*Dataset section*:
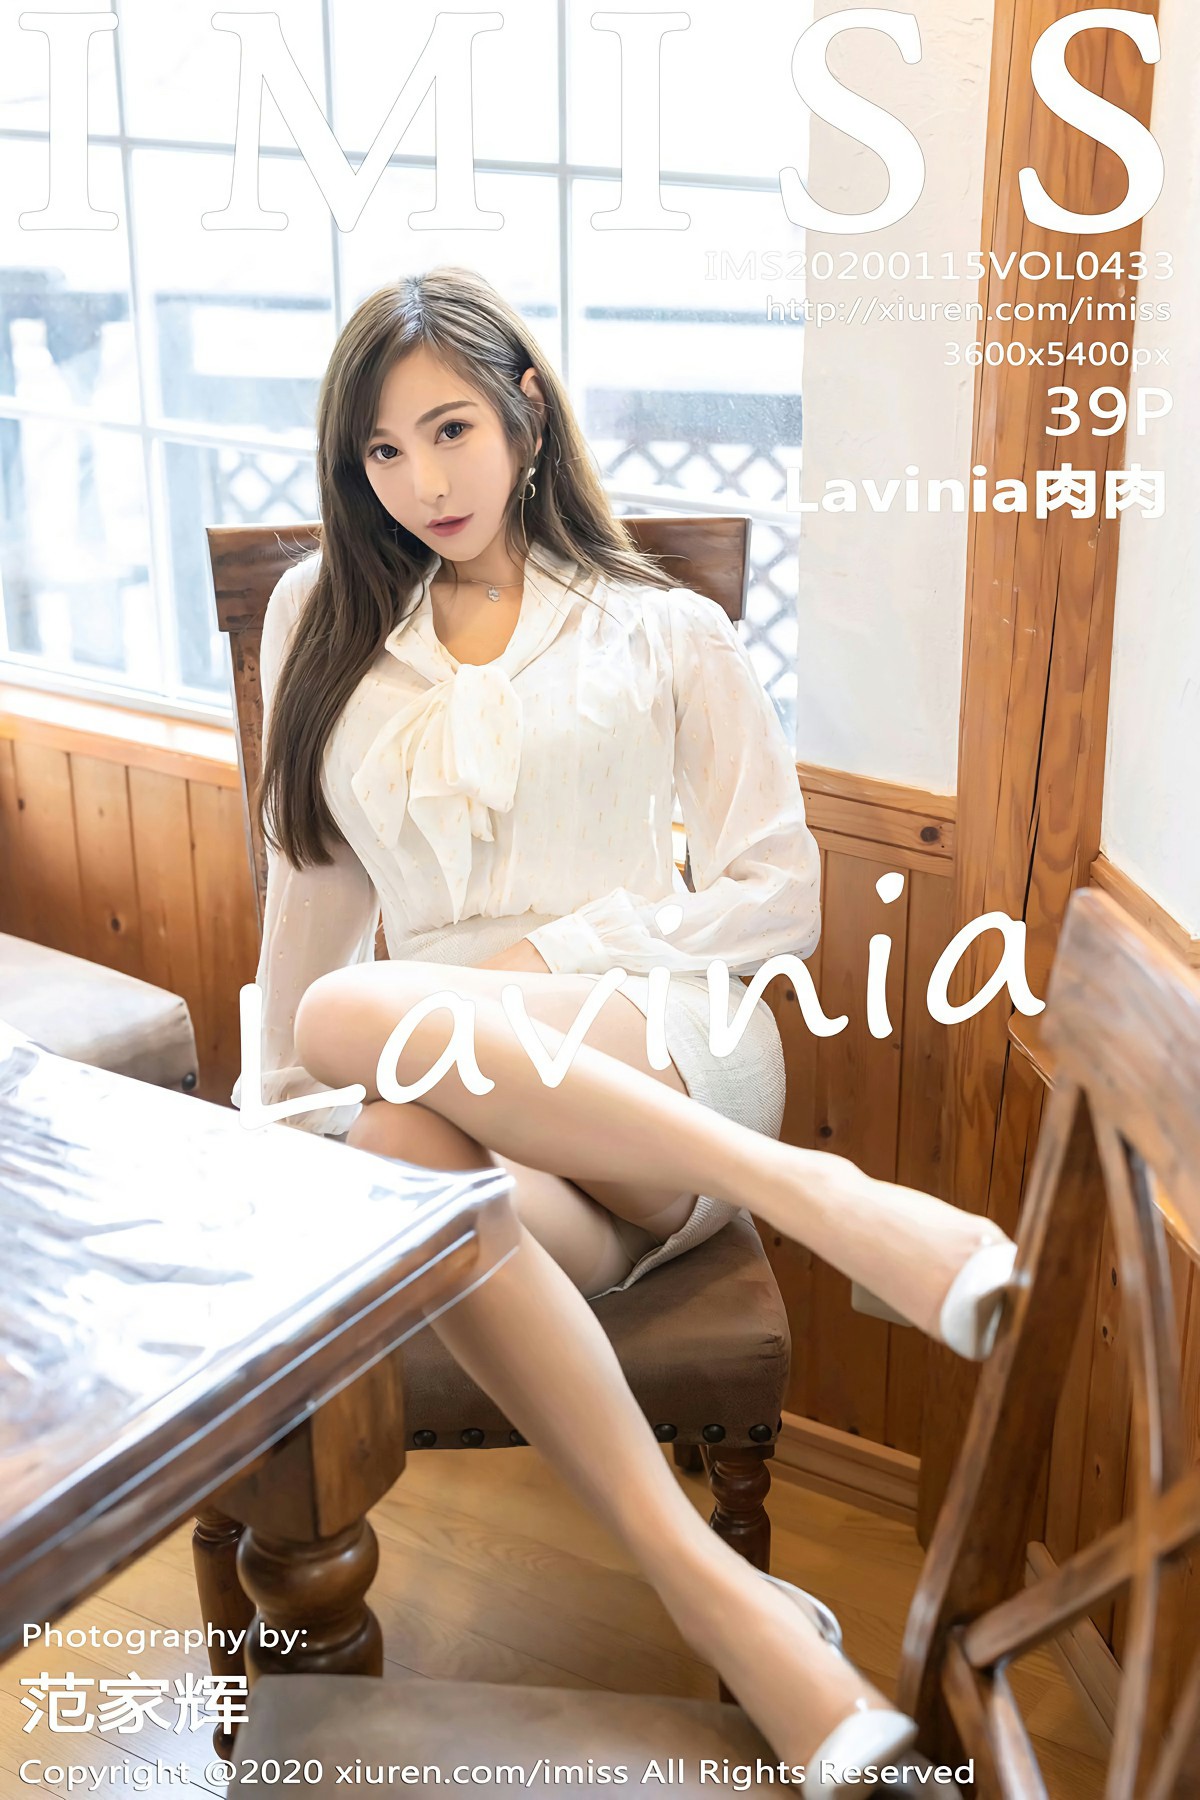 [IMISS爱蜜社]2020.01.15 VOL.433 <strong>Lavinia肉肉</strong>
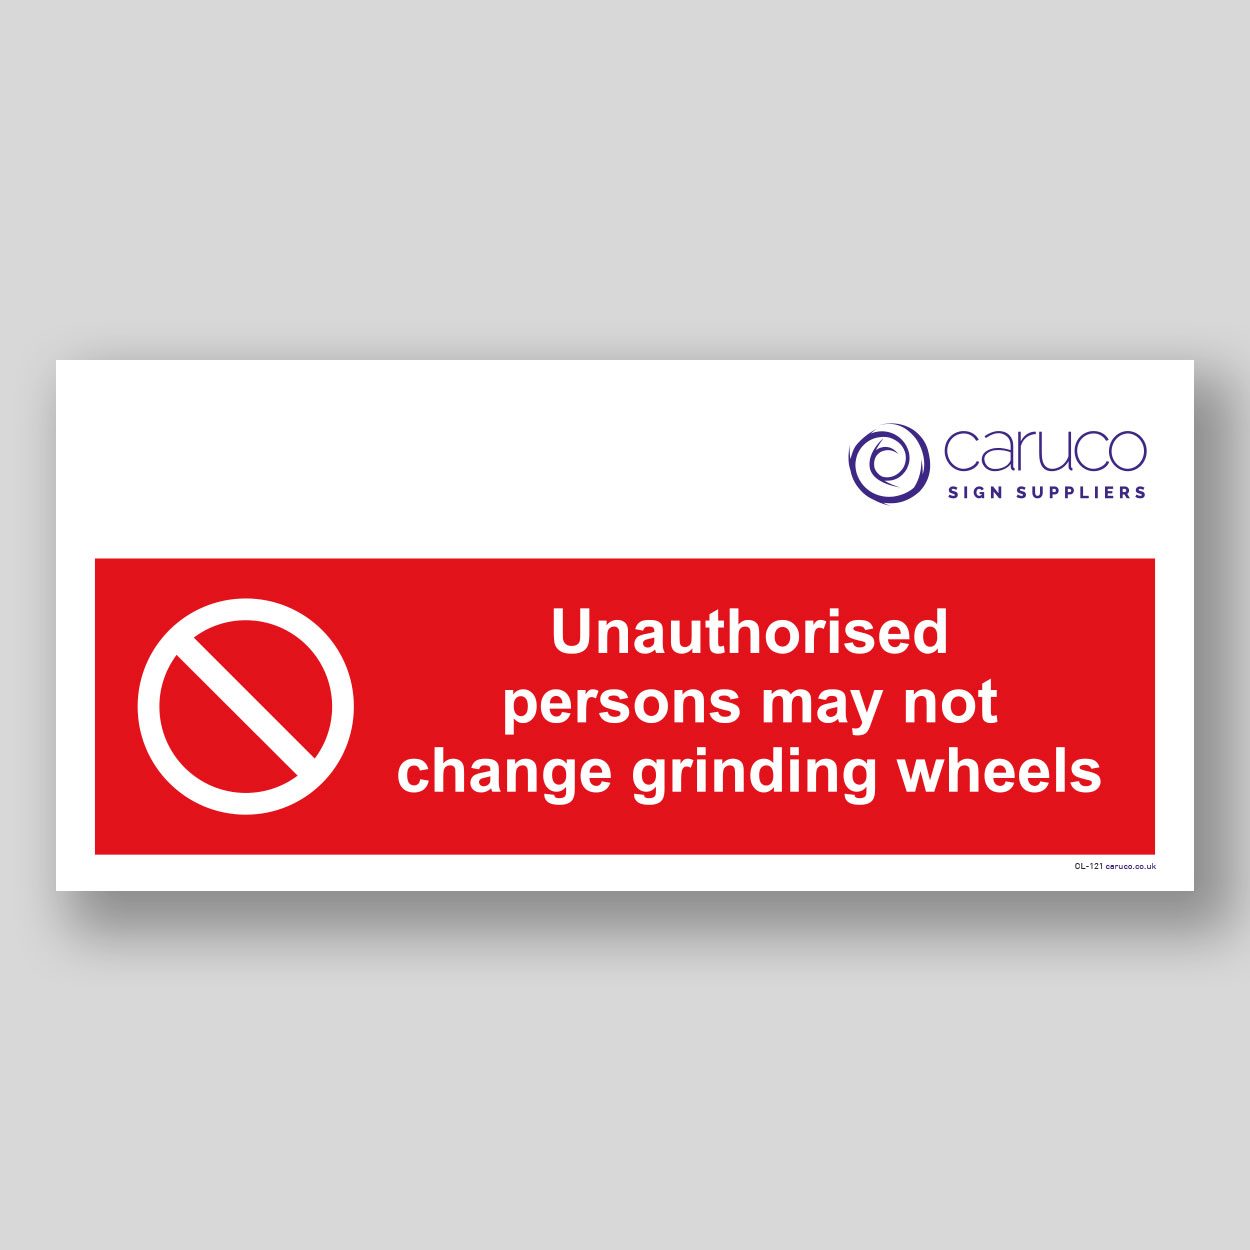 CL-121 Unauthorised person may not change grinding wheels
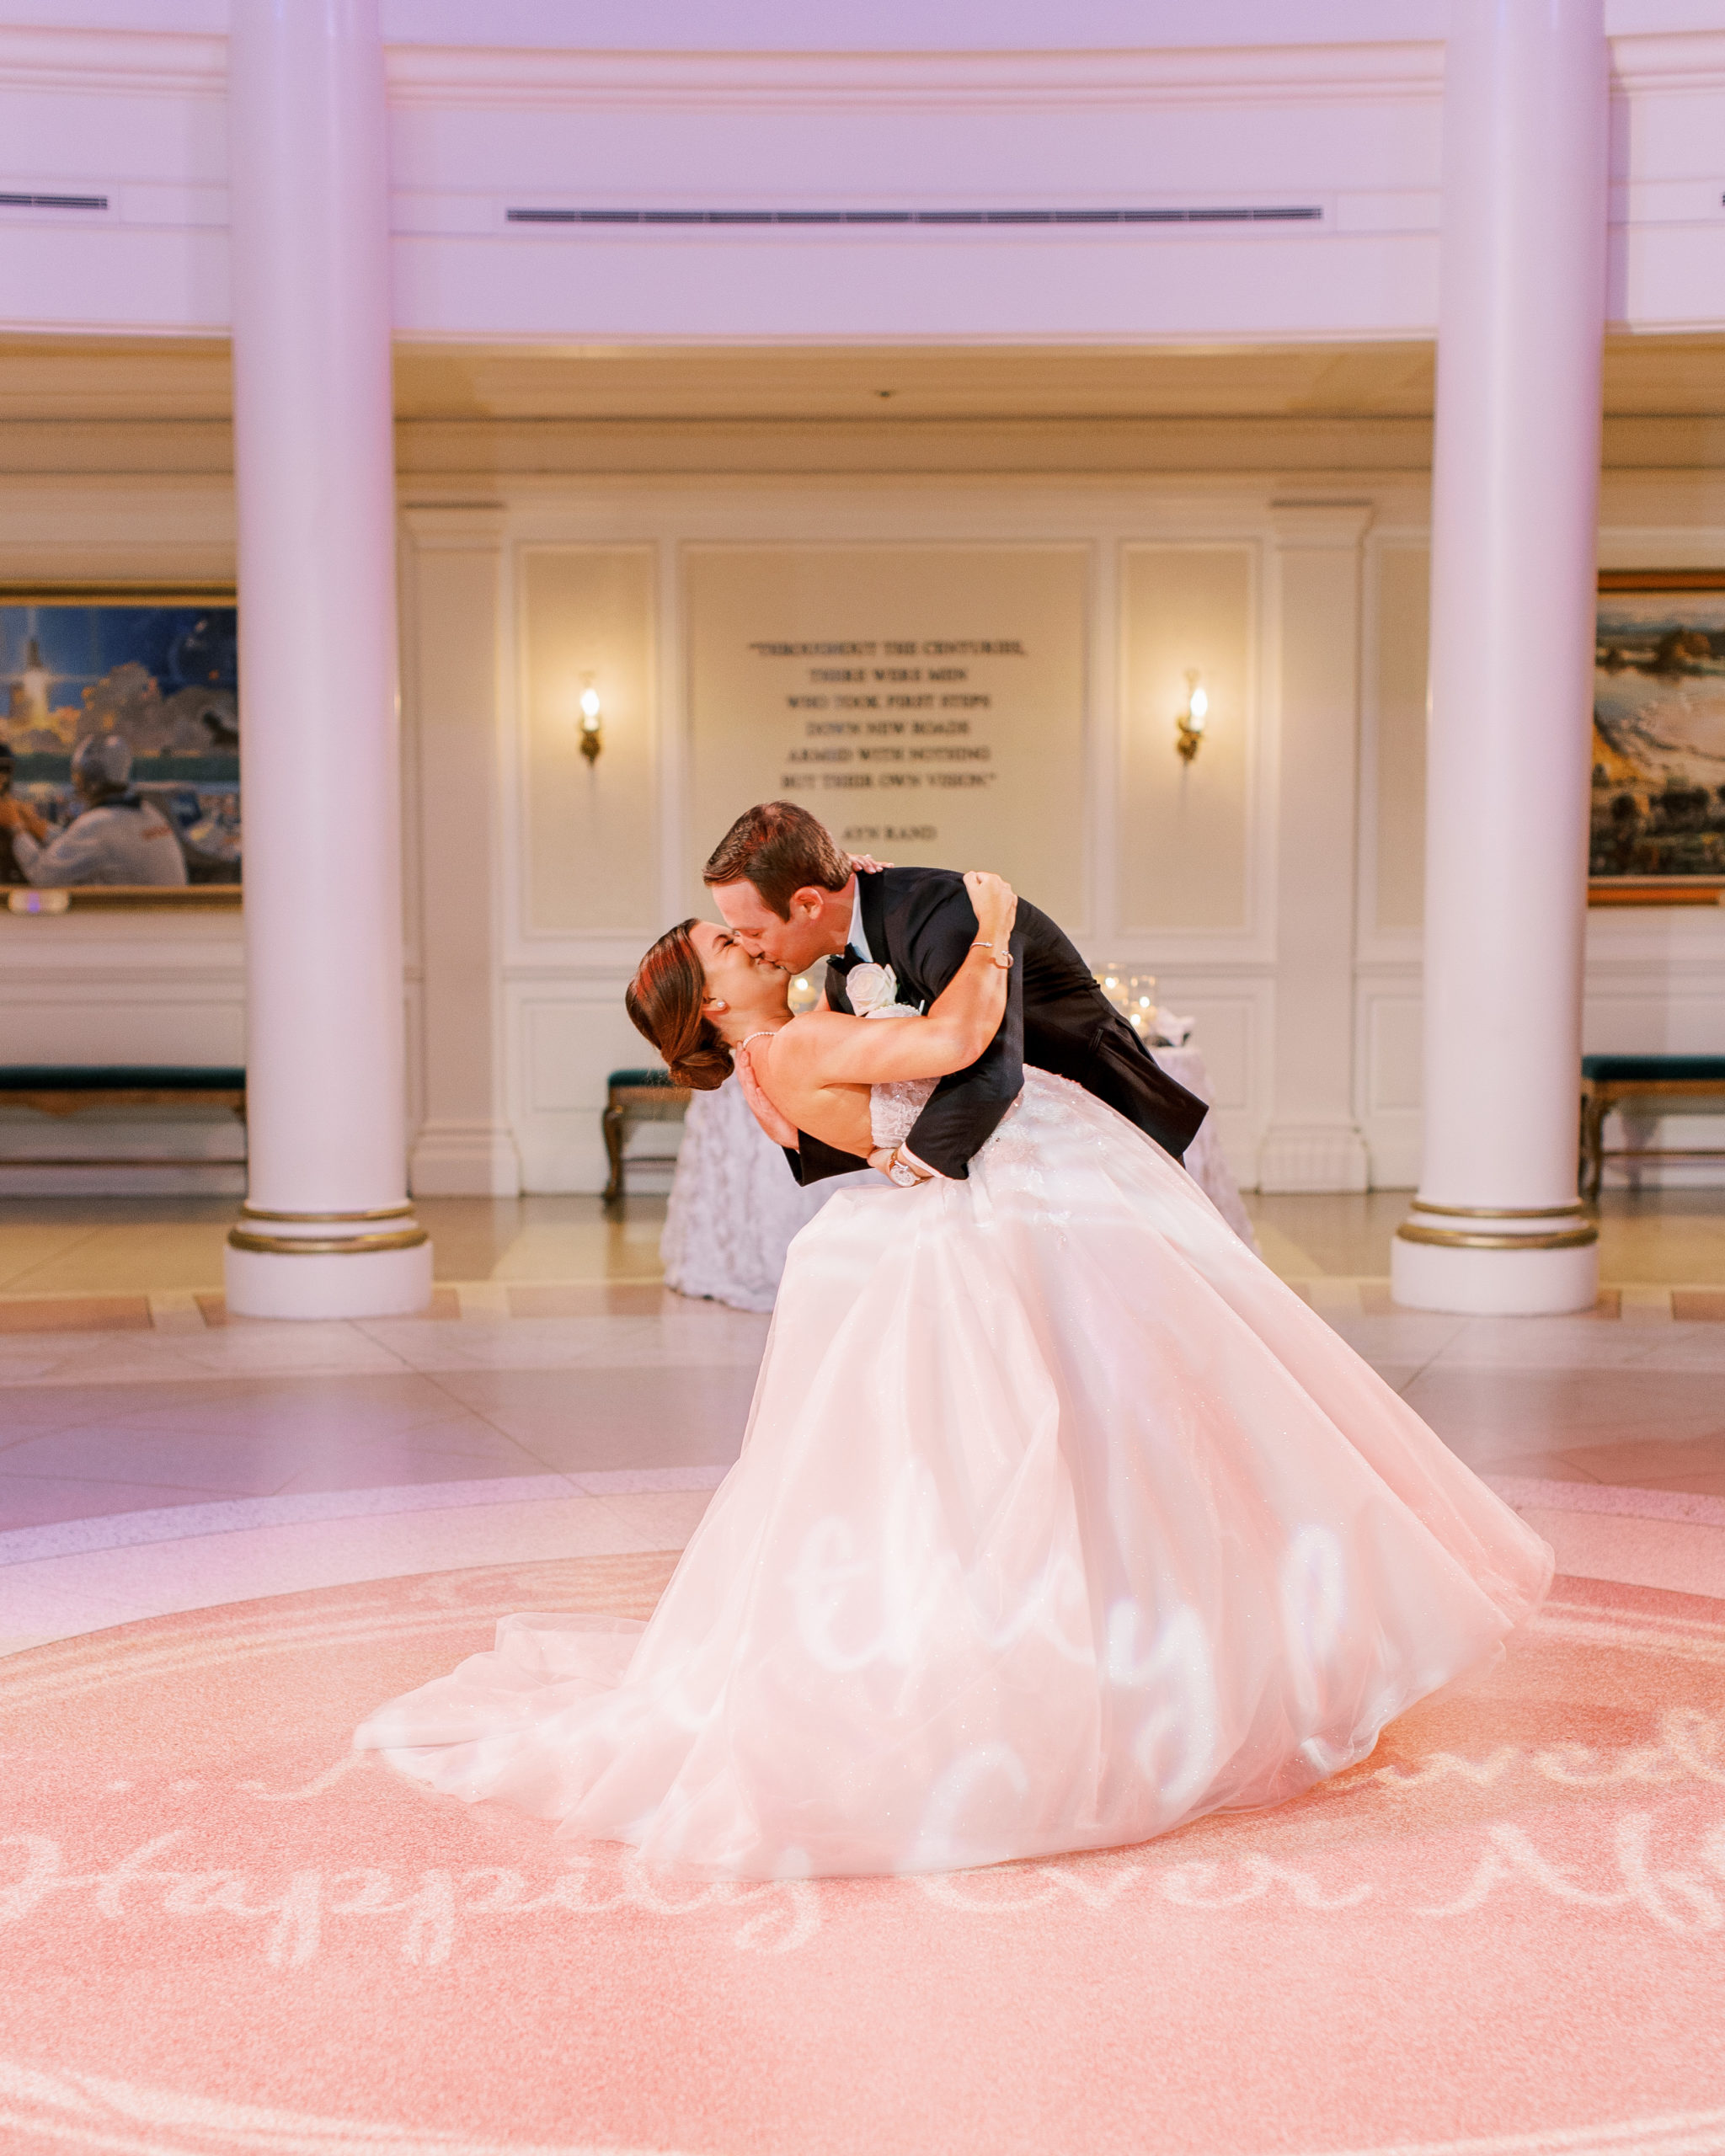 Bride and groom kiss on dance floor at wedding reception for a Romantic and Timeless Grand Floridian Wedding 
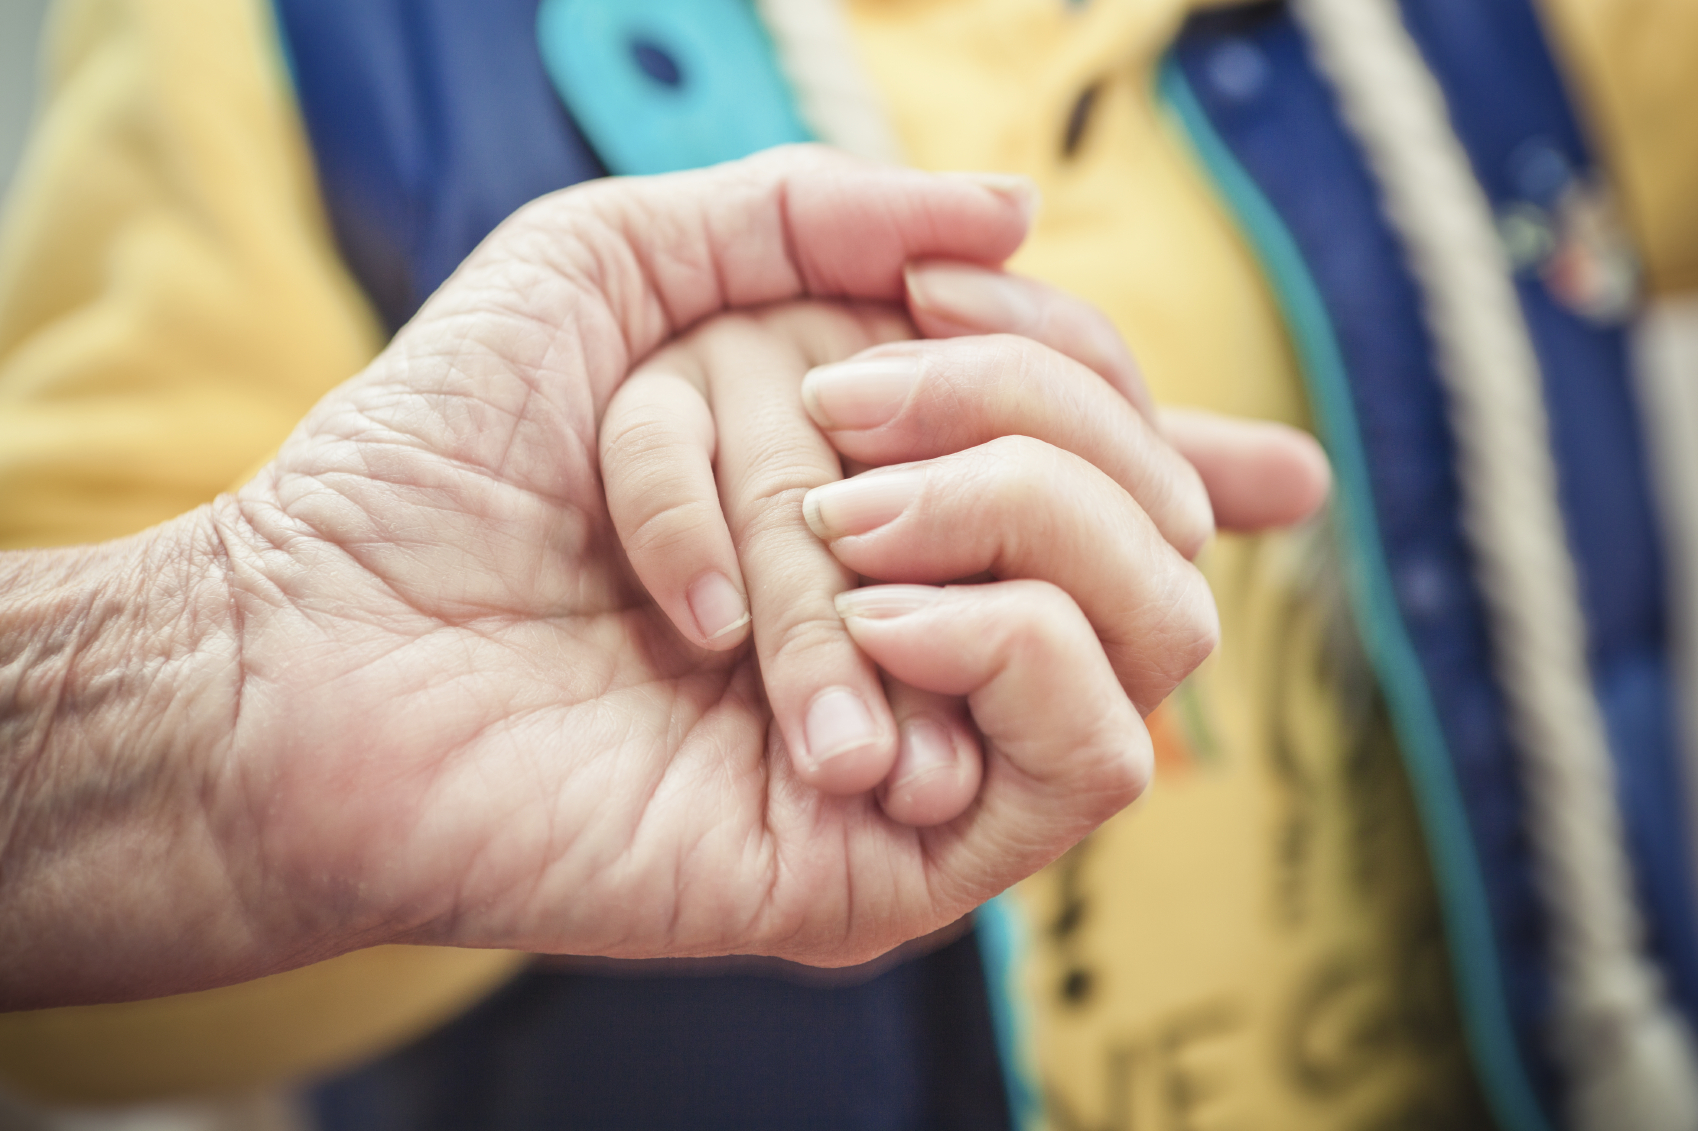 An older person's hand grasps a younger person's hand.

*Instructions for the task*: The full listing must come back exactly as written, with its pictures left out.

*Expected answer*:
 [IMISS爱蜜社]2020.01.15 VOL.433 <strong>Lavinia肉肉</strong>
 CL-121 Unauthorised person may not change grinding wheels
 Bride and groom kiss on dance floor at wedding reception for a Romantic and Timeless Grand Floridian Wedding 
 An older person's hand grasps a younger person's hand.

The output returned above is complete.